The ceroid-lipofuscinoses (CL) are a group of inherited diseases characterised by the accumulation, in brain, of autofluorescent storage cytosomes which have similar histochemical staining properties to lipofuscin, the neuronal wear and tear pigment of old-age brain. The storage cytosomes stain strongly with periodic acid-Schiff reagent (PAS), indicating the presence of carbohydrate. In brain from each childhood form of CL, concentrations of phosphorylated dolichol (Dol-P) are 10- to 20- fold higher than in age-matched controls. Brain Dol-P concentrations are also increased between 2 and 5- fold in several different lipidoses and in elderly subjects. Much of the Dol-P which accumulates is located within the storage cytosomes. Dol-P constitutes 2-3% of the dry weight of storage cytosomes from juvenile and late-infantile CL, and 0.3-0.7% of storage cytosomes from infantile CL, ovine CL and of lipofuscin isolated from old age brain. The bulk of the Dol-P in CL brain and in isolated storage cytosomes is present as dolichyl pyrophosphoryl oligosaccharides (Dol-PP-OS). The constitutions of the oligosaccharide moieties differ in the various forms of the disease. Histochemical analysis of frozen sections of unfixed brain after extraction by various lipid solvents indicates that the major part of the PAS positive intraneuronal material in CL brain and in old-age brain has the extraction properties of Dol-PP-OS. Carbohydrate represents 4-7% of the dry weight of CL storage cytosomes and of lipofuscin. The major monosaccharide components are mannose, N-acetyl glucosamine, glucose and galactose. Depending on the form of the disease studied, up to 40% of this material can be accounted for by Dol-PP-OS. Polyacrylamide gel electrophoresis of storage cytosomes followed by lectin blotting demonstrates several low molecular weight components which bind concanavalin A. These do not coelute with the major protein components and may well be Dol-PP-OS. We conclude that Dol-PP-OS are concentrated in storage cytosomes in CL and are one of their major glycoconjugate components.

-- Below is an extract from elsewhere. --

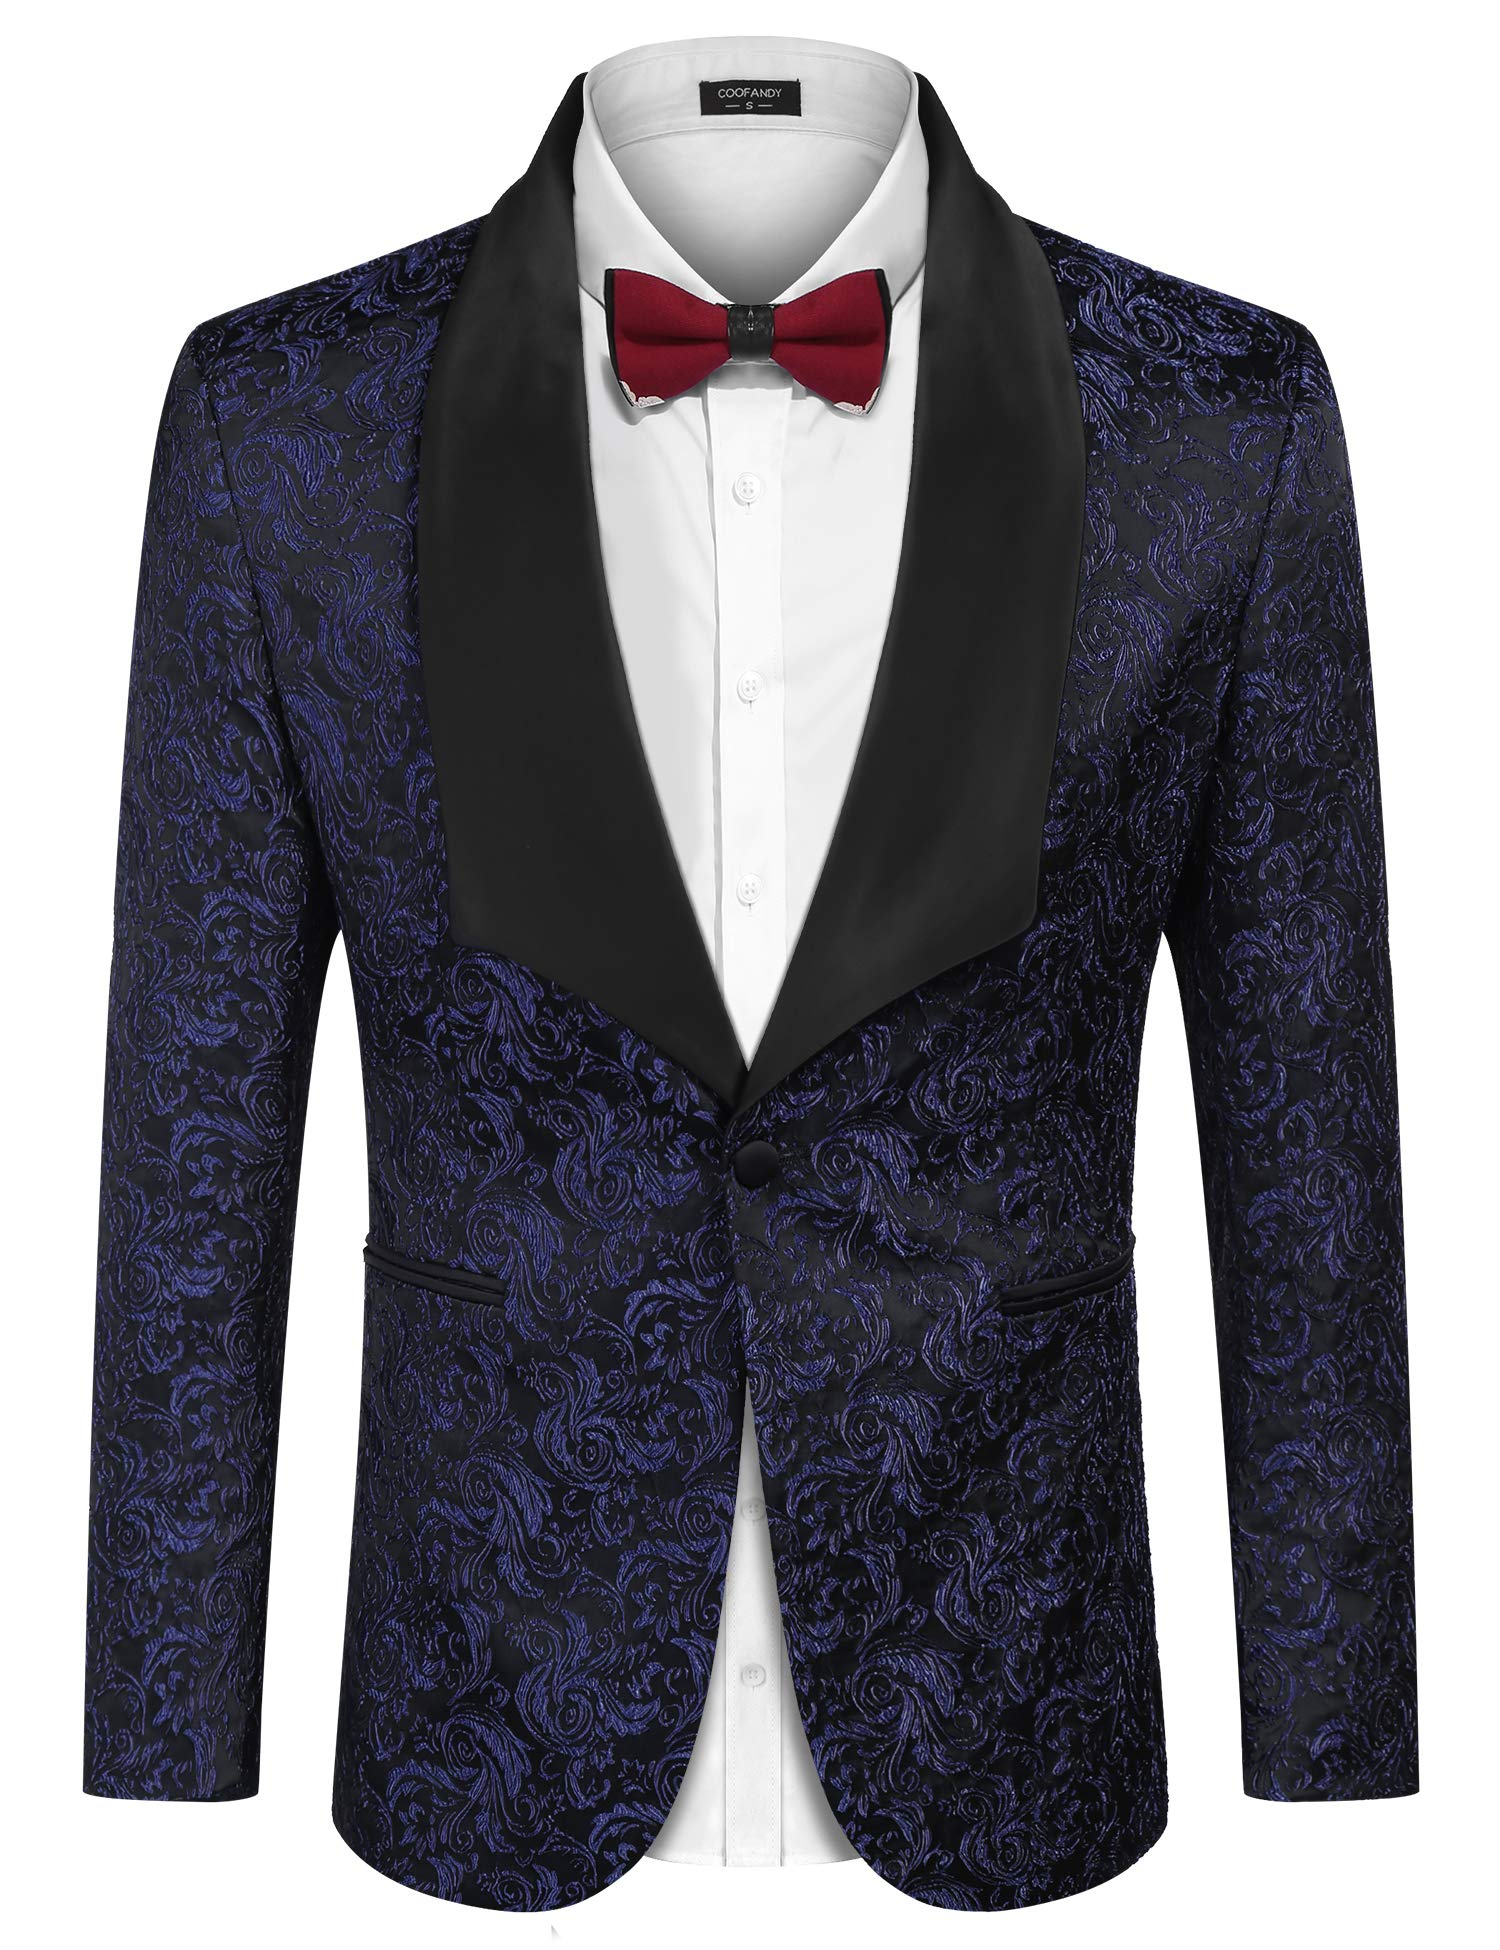 COOFANDY Men's Floral Party Dress Suit Stylish Dinner Jacket Wedding Blazer Prom Tuxedo

蜡样脂褐质沉积症(CL)是一组遗传性疾病,其特征是大脑中出现自发荧光储存细胞体的积累,这些细胞体具有与脂褐质相似的组织化学染色特性,脂褐质是老年大脑中的神经元磨损色素。储存细胞体对过碘酸希夫试剂(PAS)染色强烈,表明存在碳水化合物。在CL的每种儿童期形式的大脑中,磷酸化多萜醇(Dol-P)的浓度比年龄匹配的对照组高10至20倍。在几种不同的脂质沉积症和老年受试者中,大脑Dol-P浓度也增加了2至5倍。积累的大部分Dol-P位于储存细胞体内。Dol-P占青少年和晚婴儿期CL储存细胞体干重的2-3%,占婴儿期CL、绵羊CL和从老年大脑中分离出的脂褐质储存细胞体干重的0.3-0.7%。CL大脑和分离出的储存细胞体中的大部分Dol-P以多萜醇焦磷酸寡糖(Dol-PP-OS)的形式存在。在疾病的各种形式中,寡糖部分的组成不同。用各种脂质溶剂提取后对未固定大脑的冰冻切片进行组织化学分析表明,CL大脑和老年大脑中PAS阳性神经元内物质的主要部分具有Dol-PP-OS的提取特性。碳水化合物占CL储存细胞体和脂褐质干重的4-7%。主要的单糖成分是甘露糖、N-乙酰葡糖胺、葡萄糖和半乳糖。根据所研究疾病的形式,这种物质的高达40%可由Dol-PP-OS解释。对储存细胞体进行聚丙烯酰胺凝胶电泳,然后进行凝集素印迹分析,显示出几种与伴刀豆球蛋白A结合的低分子量成分。这些成分与主要蛋白质成分不同时洗脱,很可能是Dol-PP-OS。我们得出结论,Dol-PP-OS集中在CL的储存细胞体中,是其主要糖缀合物成分之一。